A worker in this profession should have a good capability of calculations and measurement, deep awareness of symmetry and, of course, an artistic talent. Mosaics makers manufacture the pieces of wooden boxes, chairs, tables, chess boards, show cases, stationary holders and an endless list of things.

Before joining them together they manufacture small rods of wood, melted bones, ivory ( now colored plastic is used), in certain cross sections: triangular, square, round, hexagonal or what ever they want. Rods are the joined in bundles that also take several shapes of cross section as the design requires. These bundles are sliced horizontally into very thin layers, less than half a millimeter thick.
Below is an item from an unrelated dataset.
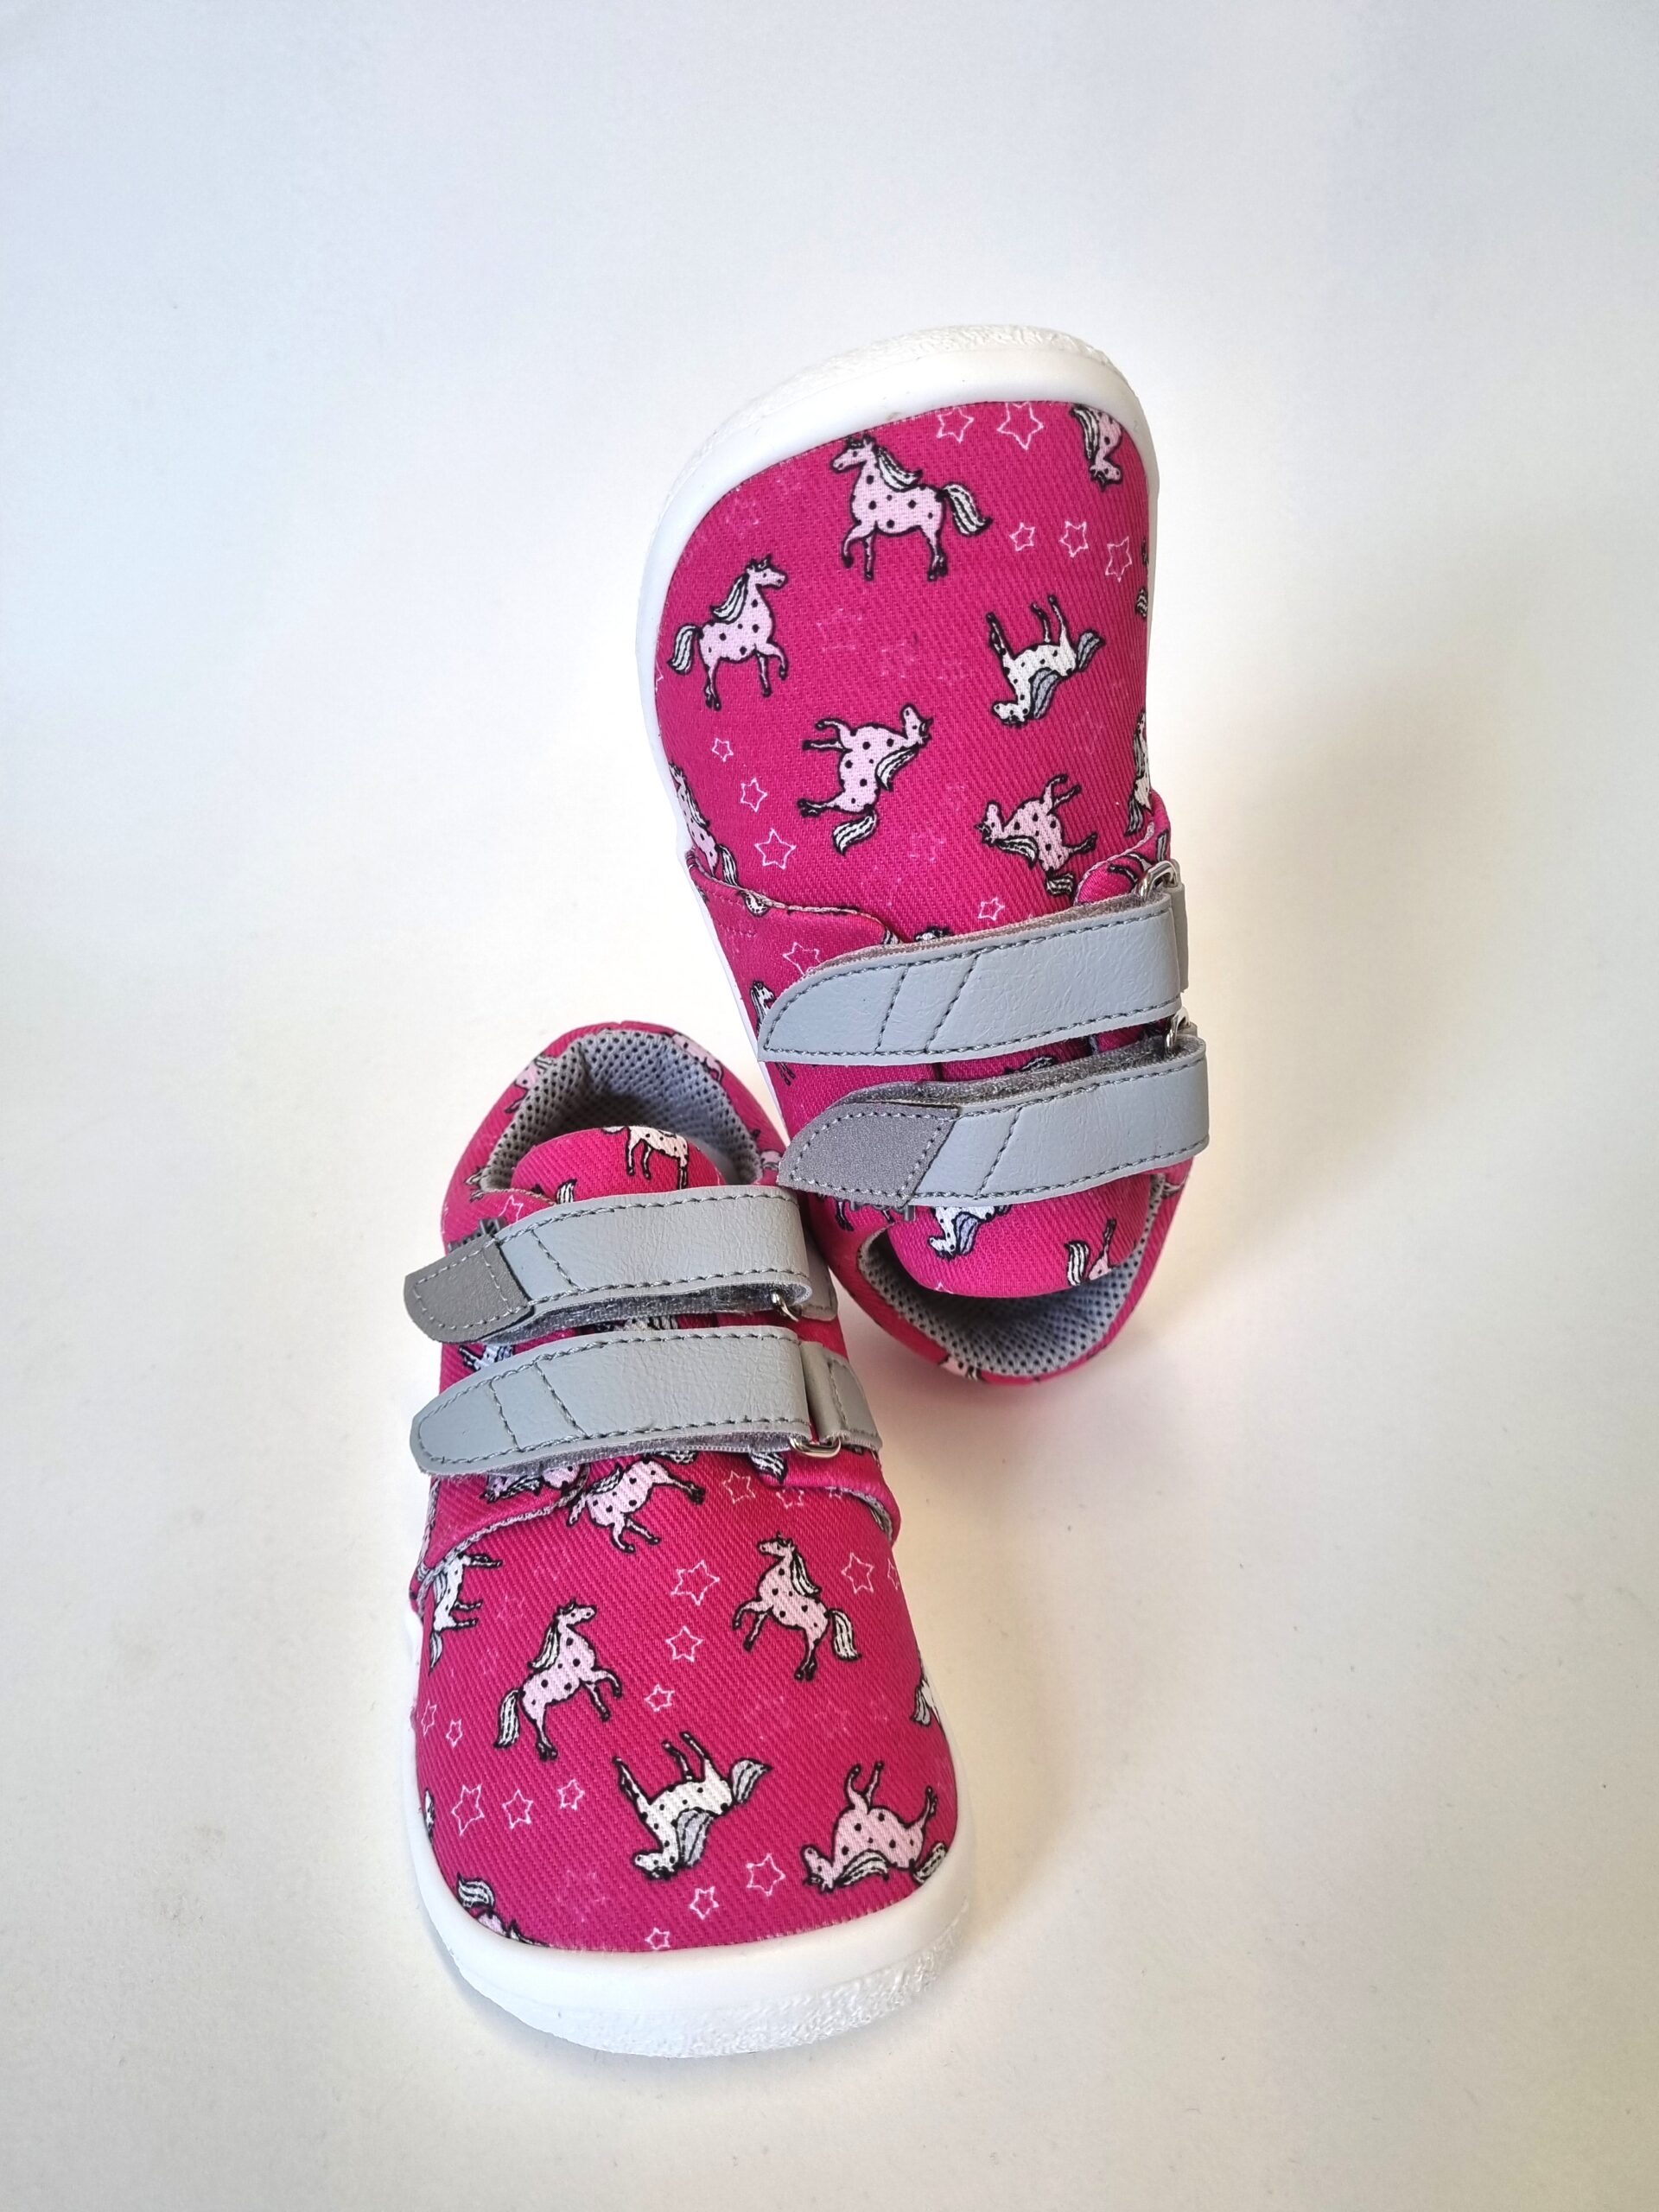 Beda Boty tossud, Unicorn Laste barefoot jalatsid - HellyK - Kvaliteetsed lasteriided, villariided, barefoot jalatsid

The next step is to make larger slices that match in area the pieces of wood of the object being manufactured, stuck on them by glue, and pressed on wood. Pieces of wood are then assembled in the required shape, smoothened by sand paper and glossed by lacquer.
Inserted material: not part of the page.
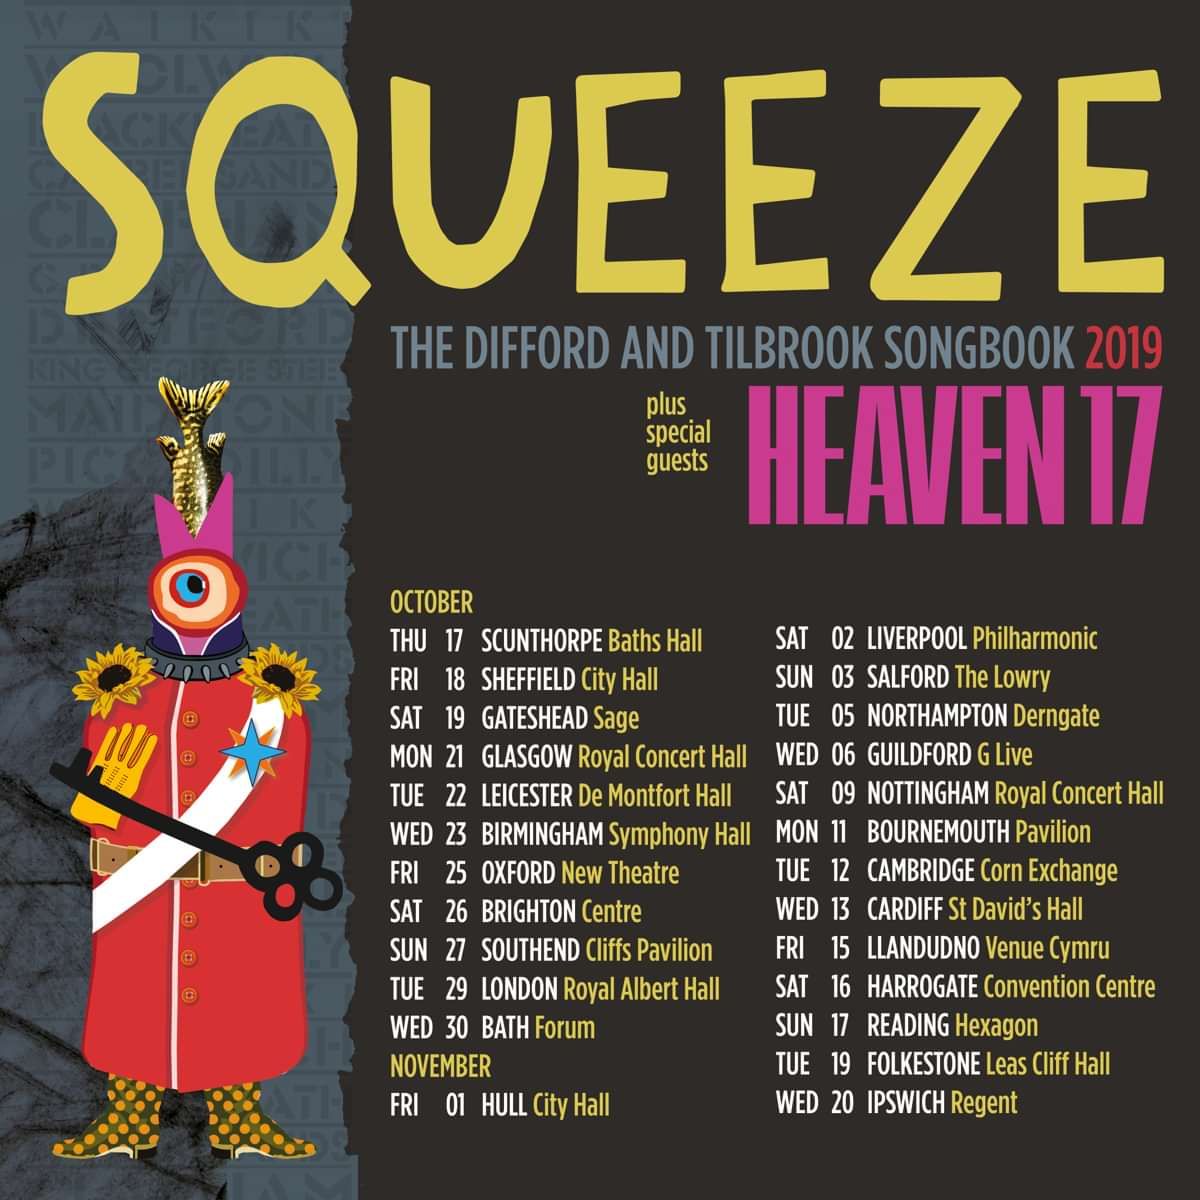 squeeze tour statistics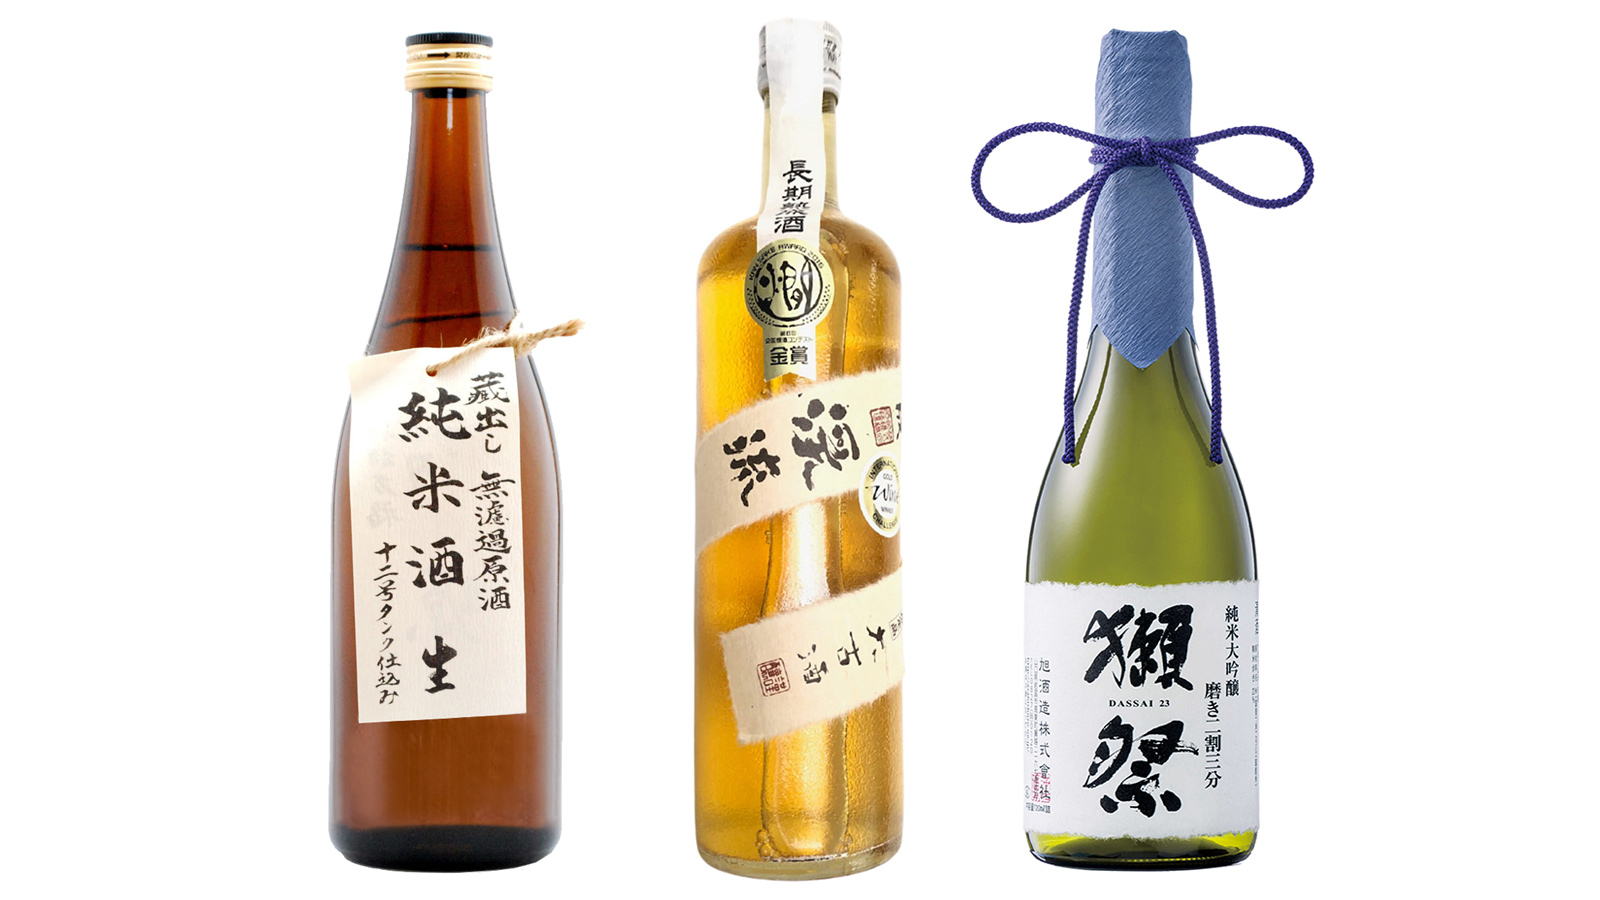 Sake wines

The most beautiful and most costly mosaics are those inlaid with mother of pearl or ivory. Pieces are made of good walnut wood, well dried and brown dyed, then wood is carved in herbal and geometrical shapes and mother of pearl or ivory is inlaid on them, and as previously mentioned, they are smoothed and glossed to take the final wonderful shape. Because mosaics are beautiful in shape and strong in material, many families in Damascus Countryside opted to own them and boast they have them. Brides were supplied with large boxes of mosaics for keeping their clothes and valuable things, with chest drawers fitted with a large make up mirror, all inlaid with mother of pearl or ivory.
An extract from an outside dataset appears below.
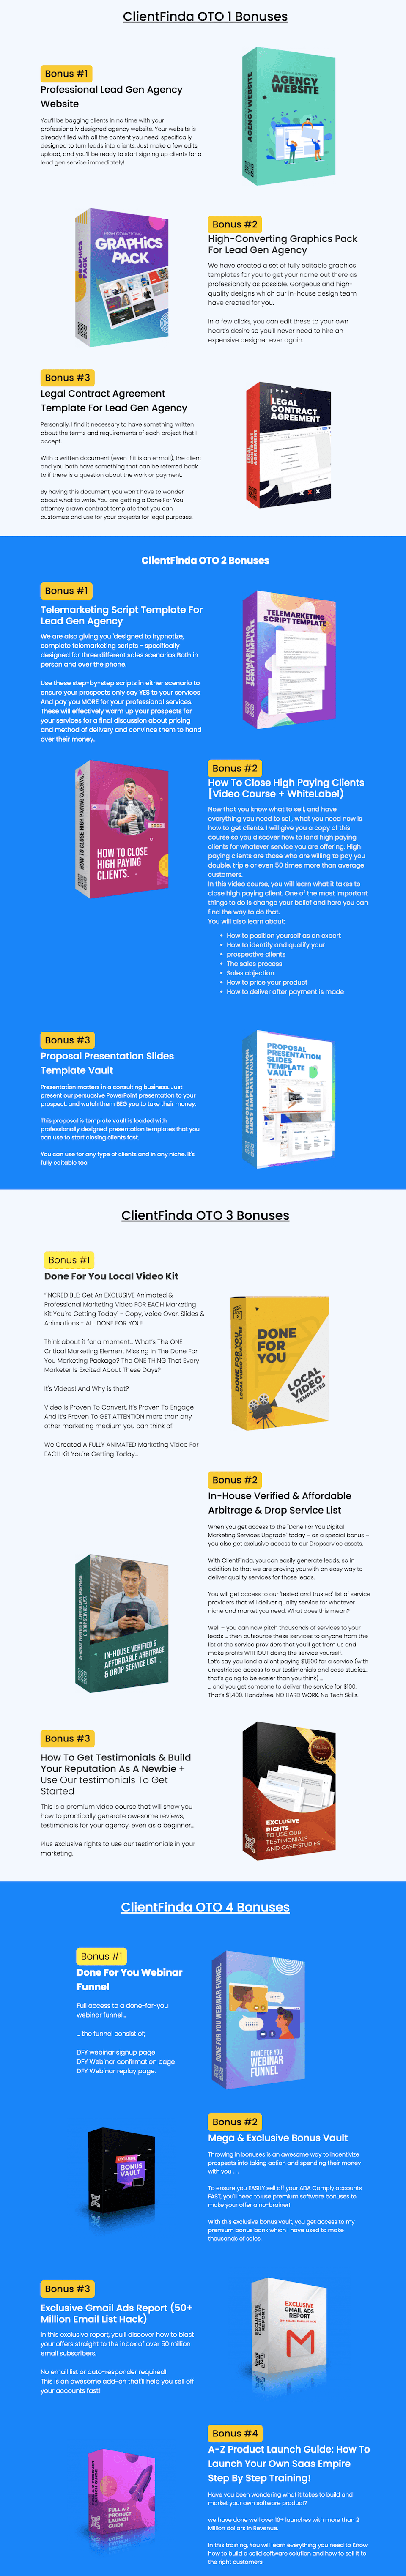 ClientFinda-Review-OTOs-Bonuses

Mosaics industry enlarged to include manufacturing bed rooms and reception rooms so that when a young man in Damascus reaches the age of 22-25 he starts thinking of marriage and orders a mosaics bed room, a set of chairs, and a show case or two, (to display the china and glassware his bride normally brings with her) since such a collection needs months of labor to be made. Because mosaic pieces are very beautiful they had become at the top of the list of exports to Europe, the Americas and to the Gulf countries.

Aghabani:

The second craft well known in Damascus countryside, and particularly in old Damascus, is the craft of aghabani (a certain kind of embroidery). Rarely a house in Damascus or the villages surrounding it has no embroidery machine, usually imported from France, Belgium, Japan and China. Aghabani is used in embroidering table cloths, ladies wears, and in all tissues used in decoration. The cloth used is mostly linen, cotton or organza. Herbal and geometric designs are drawn on the cloth by certain molds, and then the woman starts embroidery, which needs a high skill using silk, gold and silver threads.

The price of aghabani depends on the density of embroidery and the kinds of threads used. Pieces embroidered with gold and silver threads, of course are of higher prices.

Aghabani embroideries are typical gifts and souvenirs tourists insist to buy before leaving Syria.